Token Costs: Full translation and optimization of benchmark kernels incurred only a few U.S. dollars in API costs, demonstrating economic feasibility.

Performance Optimization

Optimization Trajectories: Successive optimization rounds yielded measurable improvements in GFLOPS for compute-bound kernels. However, the best-performing version was not always the final one, highlighting the stochastic nature of LLM-guided optimization.
Runtime Comparison: Kokkos translations outperformed Fortran baselines on both CPU and GPU backends. The most optimized versions generated by GPT-5 and o4-mini-high achieved near-equivalent performance, while Llama4-Maverick lagged significantly.
Roofline Analysis: Compute-bound kernels (EP, DGEMM) achieved up to 52% of peak hardware performance on NVIDIA A100, while memory-bound kernels remained below 10%. This gap underscores the challenge of automating memory hierarchy optimizations.

Implementation Considerations

Agentic Orchestration: Modular, asynchronous execution with version tracking and bounded fix attempts ensures robustness and reproducibility.
Profiler Integration: Hardware profiler feedback is parsed and summarized for the Optimizer Agent, enabling targeted code restructuring (memory layout, loop ordering, execution policies).
Functionality Testing: Kernel-specific output comparison is automated, but generalization to larger applications requires dynamic test generation.
LLM Selection: Proprietary models currently outperform open-source alternatives in reliability and optimization efficacy. Model size and training data diversity are likely contributing factors.

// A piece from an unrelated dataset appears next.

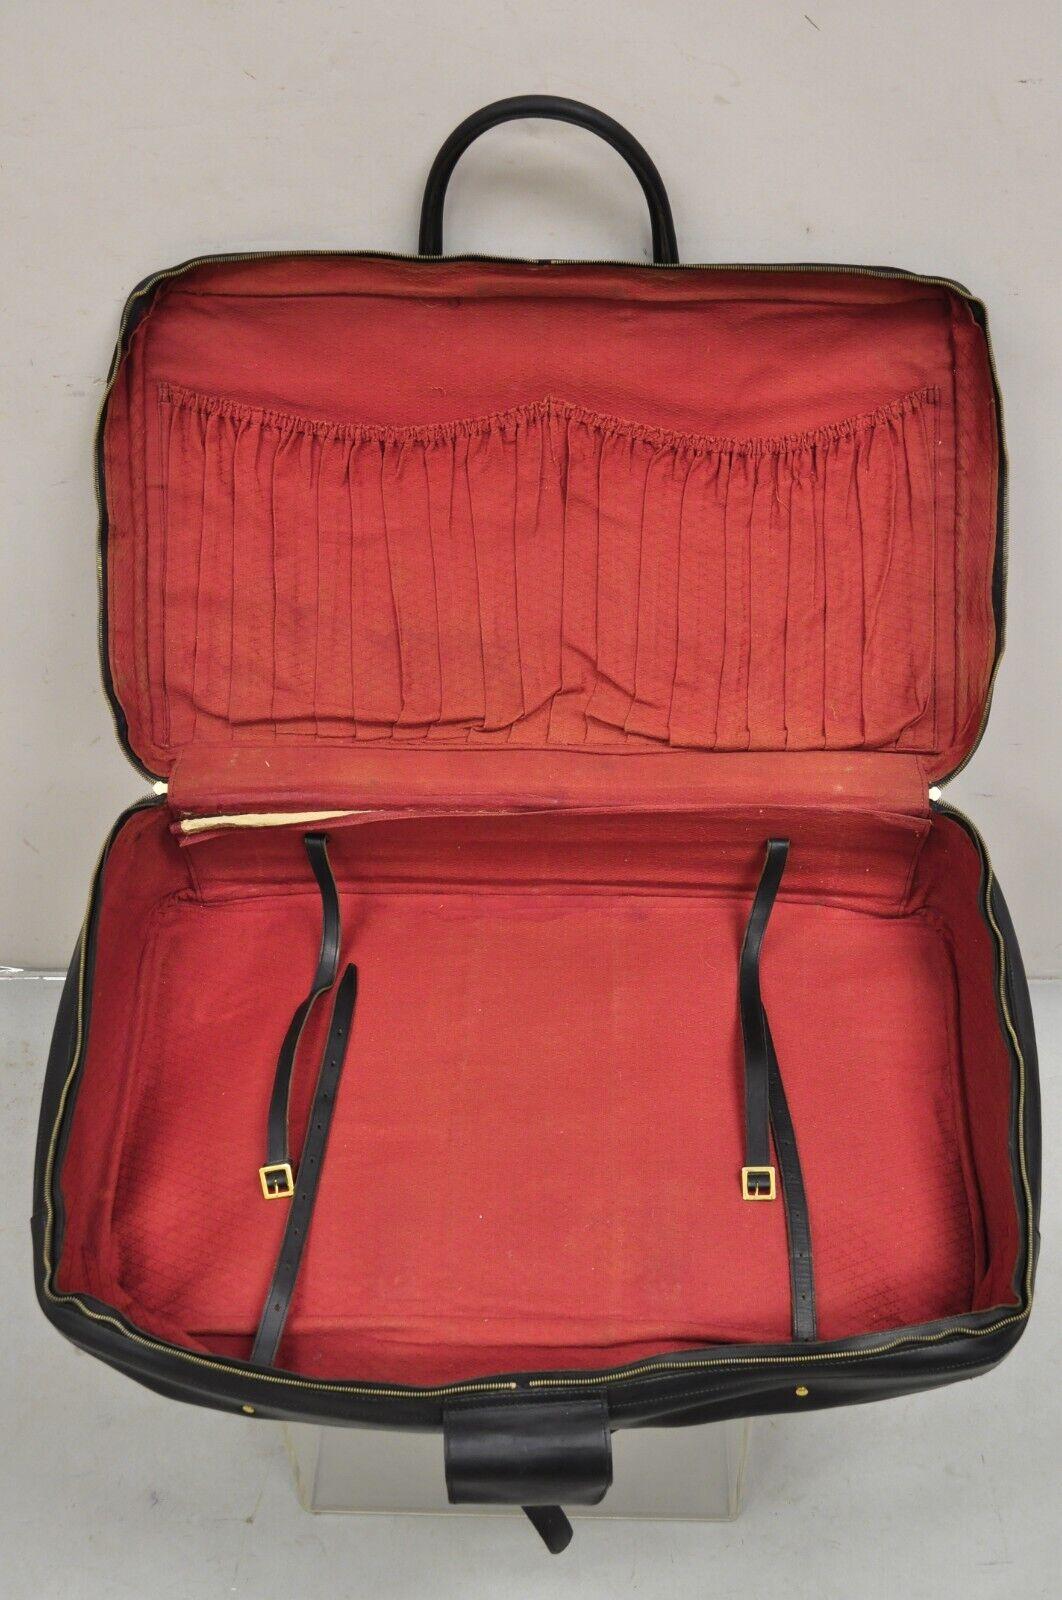 Vintage Gucci Large Black Leather Suitcase Luggage Travel Bag Green Red Webbing For Sale 3

Implications and Future Directions

The demonstrated workflow establishes agentic AI as a viable paradigm for autonomous code modernization in HPC. The ability to translate and optimize legacy Fortran kernels into portable Kokkos C++ programs with minimal human intervention has significant implications:

Practical Impact: Reduces expertise, time, and cost barriers for scientific code modernization, accelerating adaptation to evolving supercomputing architectures.
Theoretical Advancement: Validates the efficacy of structured, multi-agent LLM workflows for domain-specific reasoning and tool-driven automation.
Open Challenges: Generalizing functionality testing, enhancing memory-bound kernel optimization, and exploring heterogeneous agent assignments (specialized LLMs per agent role) are promising avenues for future research.

Conclusion

The agentic AI workflow presented in this paper autonomously modernizes legacy Fortran kernels into high-performance, portable Kokkos C++ programs. Proprietary LLMs reliably execute the full pipeline, achieving substantial fractions of peak hardware performance for compute-bound kernels and outperforming Fortran baselines. The approach is both computationally and economically practical, requiring only a few hours and minimal cost per kernel. Open-source LLMs remain less capable, indicating a need for further development. Future work should focus on generalizing functionality testing, refining optimization strategies, and leveraging heterogeneous LLMs to further enhance workflow effectiveness and scalability.